The Goldfish Unity Bowl

One of the things we enjoy about what we do is working with couples who are jointly involved in planning their wedding ceremony.  Since many of these couples want their vows to have a personal touch, we delight in helping them come up with something that is deeply meaningful to both of them—something that speaks to who they are and what they value.  The story that follows is one such example.

When Cindy and Matt met with us to discuss their wedding ceremony, they mentioned (somewhat sheepishly) that they would like to somehow involve goldfish in the wedding.  We learned that Cindy is a lover of goldfish and Matt had come up with a couple of ideas about how goldfish might be included.  They had considered having a bowl with one goldfish as a centerpiece at each reception table and then letting a guest from each table take the bowl and goldfish home with her or him when the reception was over.  But this posed some problems.  First of all, they couldn’t be sure any of the guests would want to be responsible for taking care of a goldfish.  And though she loved goldfish, Cindy wasn’t keen on the idea of taking care of 15 to 20 fish and fish bowls—especially at the outset of their honeymoon.  After a bit of brainstorming, we helped them come up with a solution that was perfect for them and their situation: The Goldfish Unity Bowl.

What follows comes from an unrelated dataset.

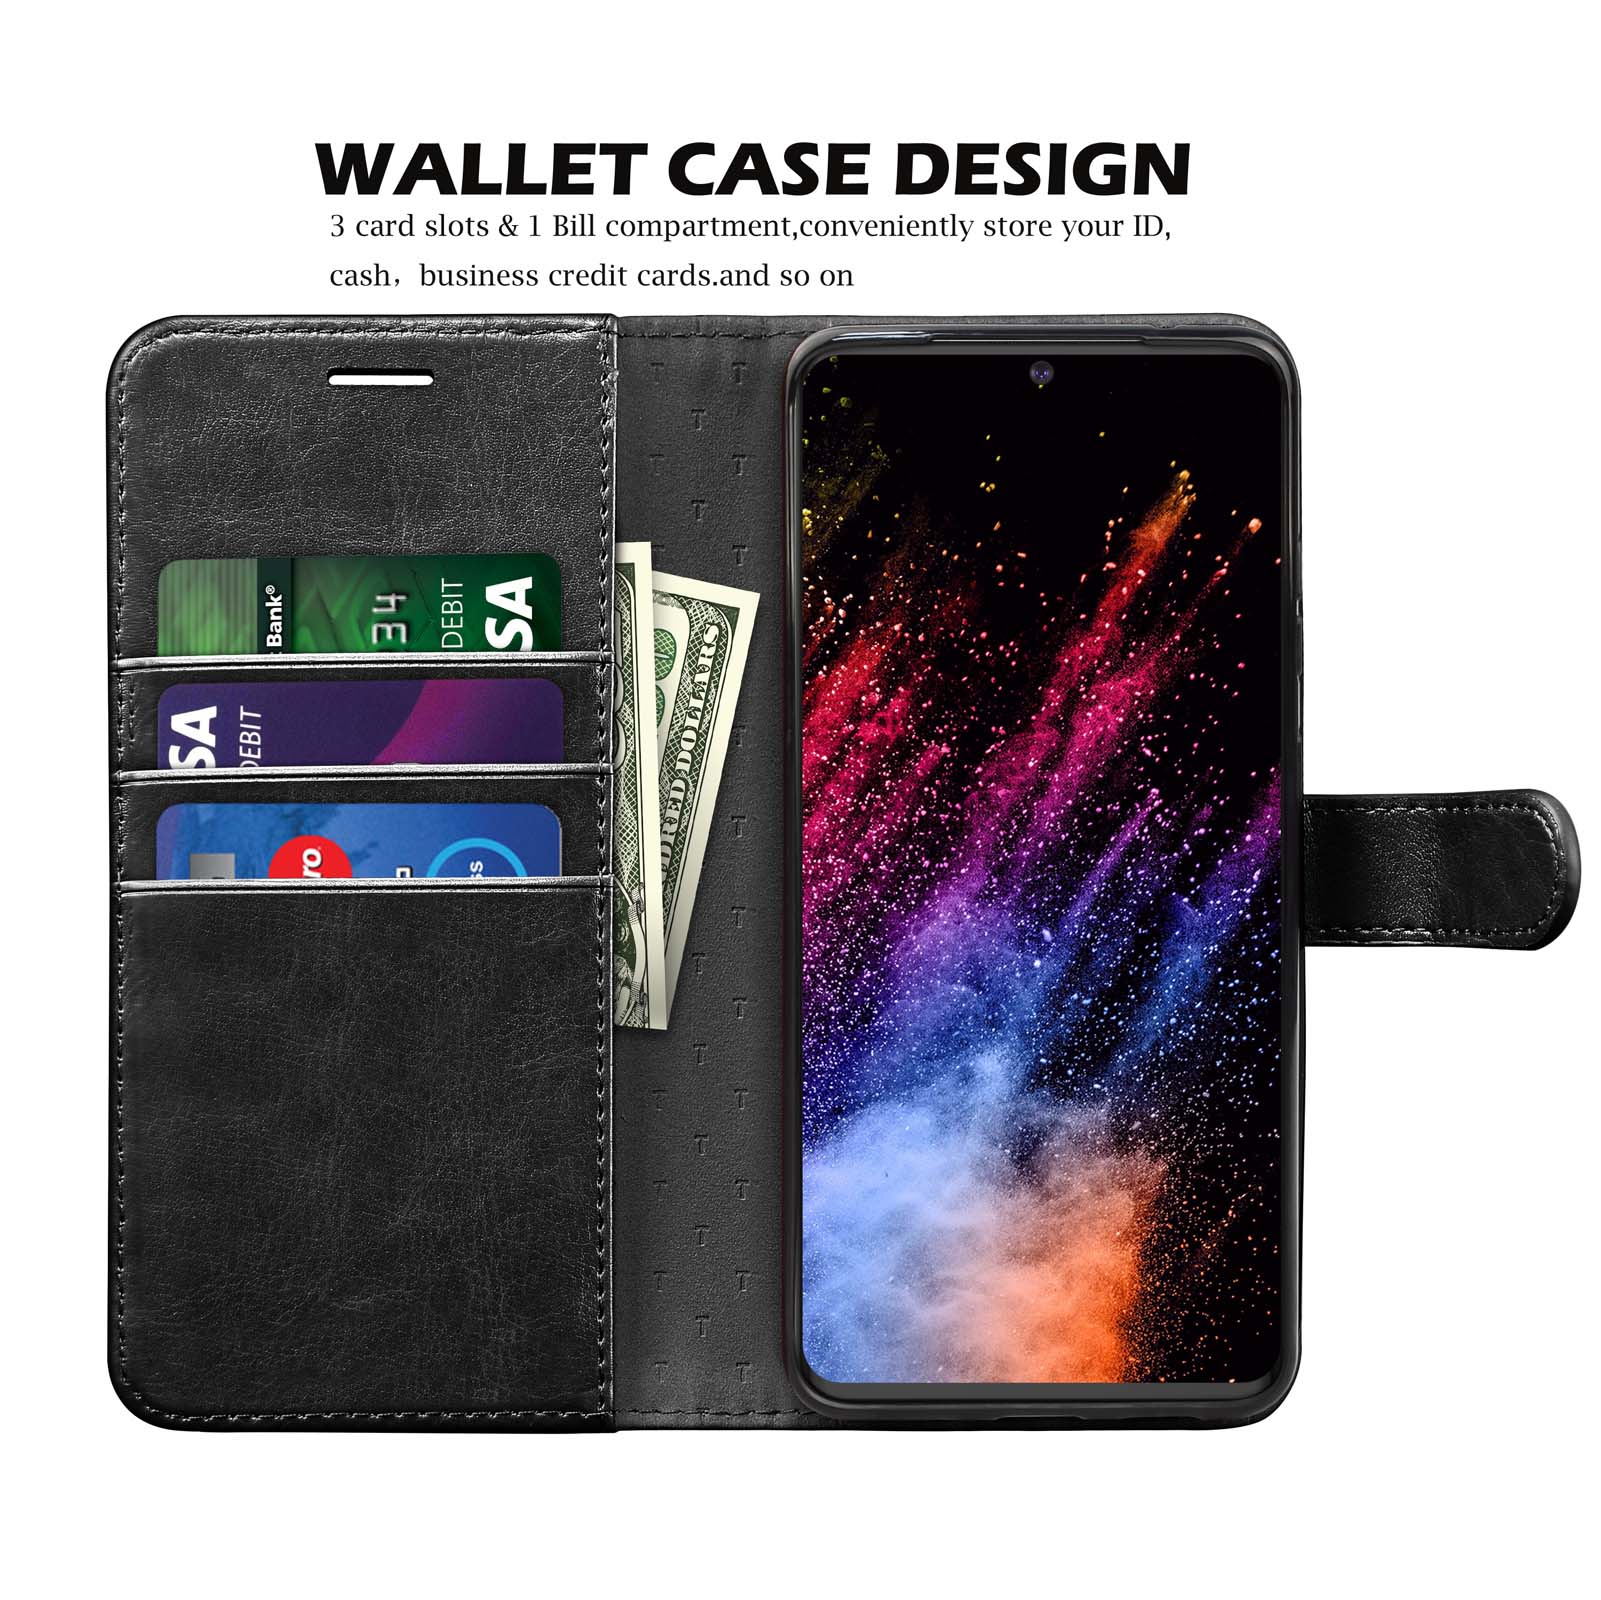 Njjex Case Wallet 2020 Galaxy S20 Ultra S20 S20+ S20 Plus 5G, Galaxy S20 S20 Ultra Wallet Case RFID Blocking Card Slot Stand PU Leather Magnetic Protect Flip Cover [Gift Box] -Black - image 2 of 10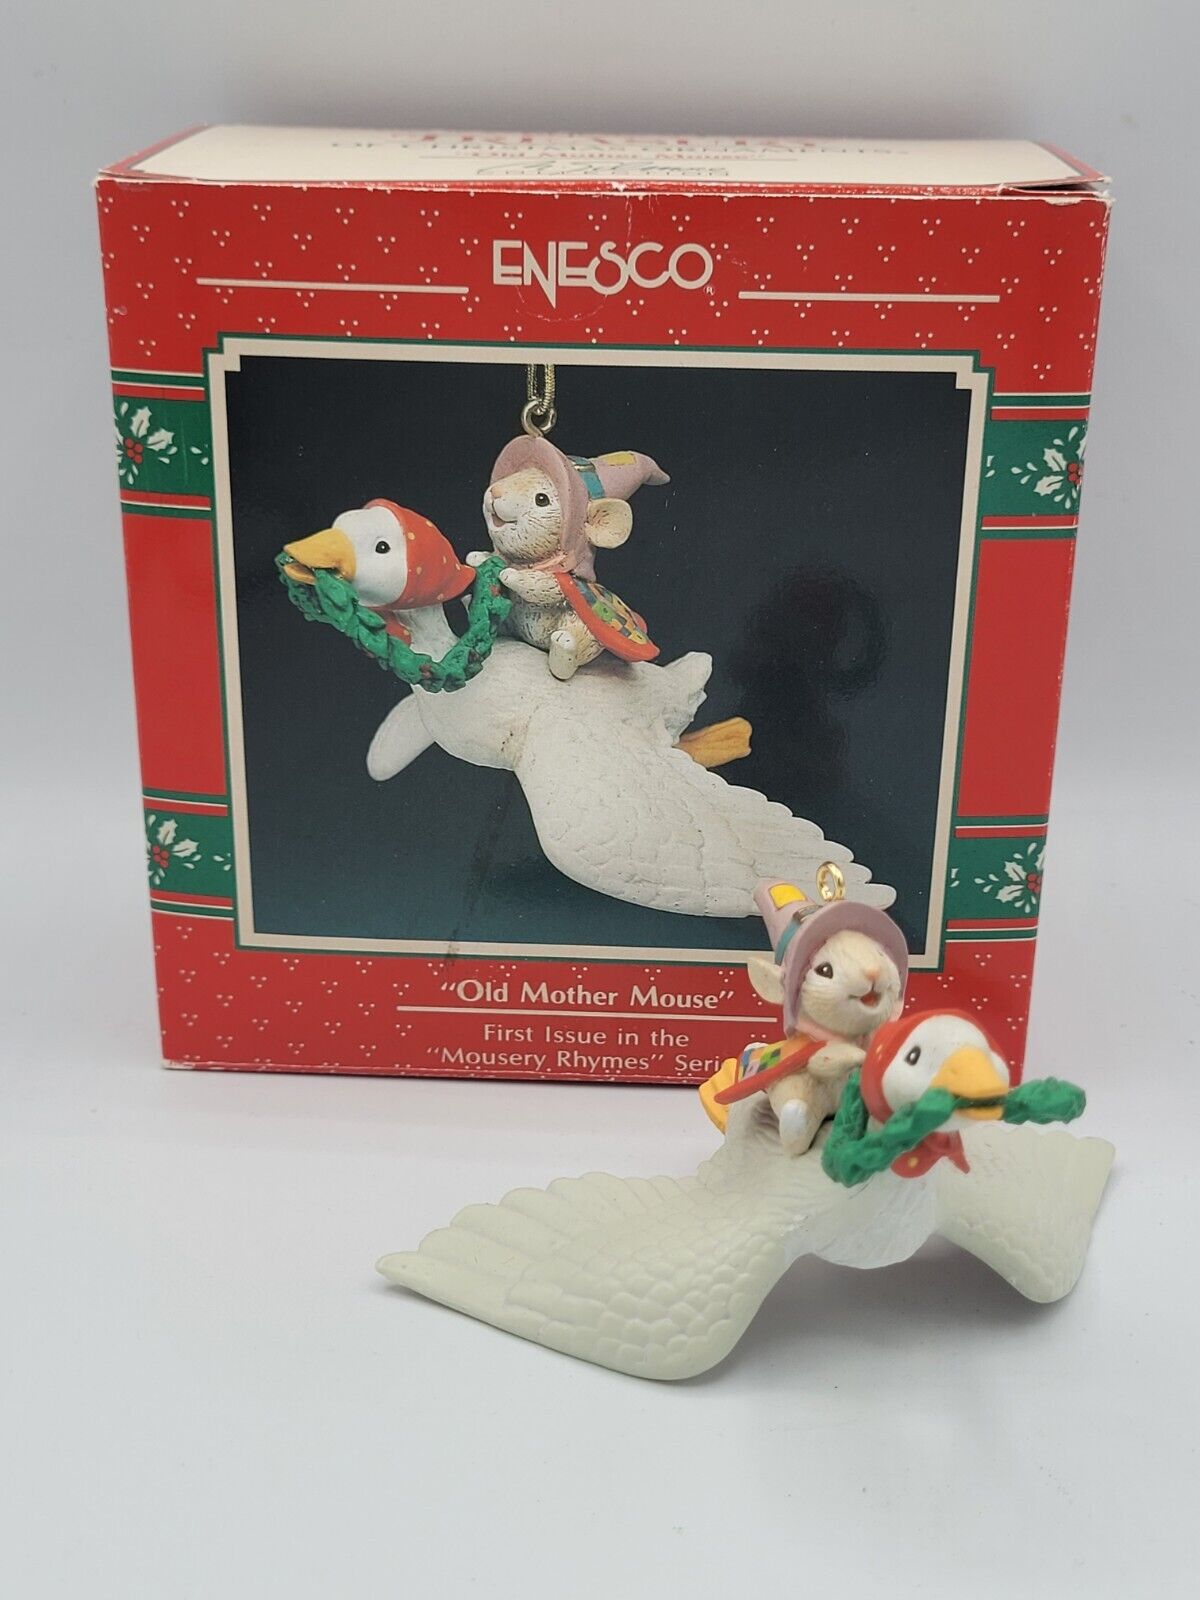 Enesco Christmas Ornament - Old Mother Goose - 1st in Series - 1990 - MIB

So, what is a Goldfish Unity Bowl and how did it turn out for Cindy and Matt?  First, I should explain that we had never seen or heard of such a thing as a Goldfish Unity Bowl, but the label hints at what it involves.  In a nutshell, it is a variation of the Unity Candle ceremony, but with fish and fishbowls rather than flames and candles.

If you’ve been to more than a few weddings you have likely been to at least one where a Unity Candle was lit by the bride and groom to signify the blending of their separate lives and families.  There are variations, but typically the Unity Candle is lit near the middle of the ceremony from two taper candles that were lit by the mothers when they are escorted in.  In terms of wedding history it is a fairly recent ritual.  It is thought to have originated in the 1930s and was controversial at the time since it did not fit with tradition. 

On a small table behind the arch, Cindy and Matt each had a single goldfish and fishbowl to represent their individual lives and also a larger bowl in the middle between the two smaller bowls.  When it came time for blending fish into the center bowl, the officiant (Lon in this case) gave a brief introduction to the ritual by sharing Cindy and Matt’s story.  Before they were asked to blend their fish into the larger bowl, Lon described the symbolism of the ritual using language he wrote especially for the occasion.  Here is a portion of what he wrote and read:

“By blending their goldfish into the Unity Bowl, Cindy and Matt are symbolizing the blending of their separate lives from this day forward.  Once the bowls are blended, each goldfish will continue to retain its individual identity, however something new will be created from the blending—a partnership, a companionship, and a soul-mate relationship that in the tiny, beating heart of each goldfish lets it know that it will never swim alone from this day forward.”

Based on the laudatory comments we received from many of guests after the ceremony, the Goldfish Unity Bowl was a big hit.  It was certainly a hit with Cindy and Matt, and from our perspective, they are the ones who matter most!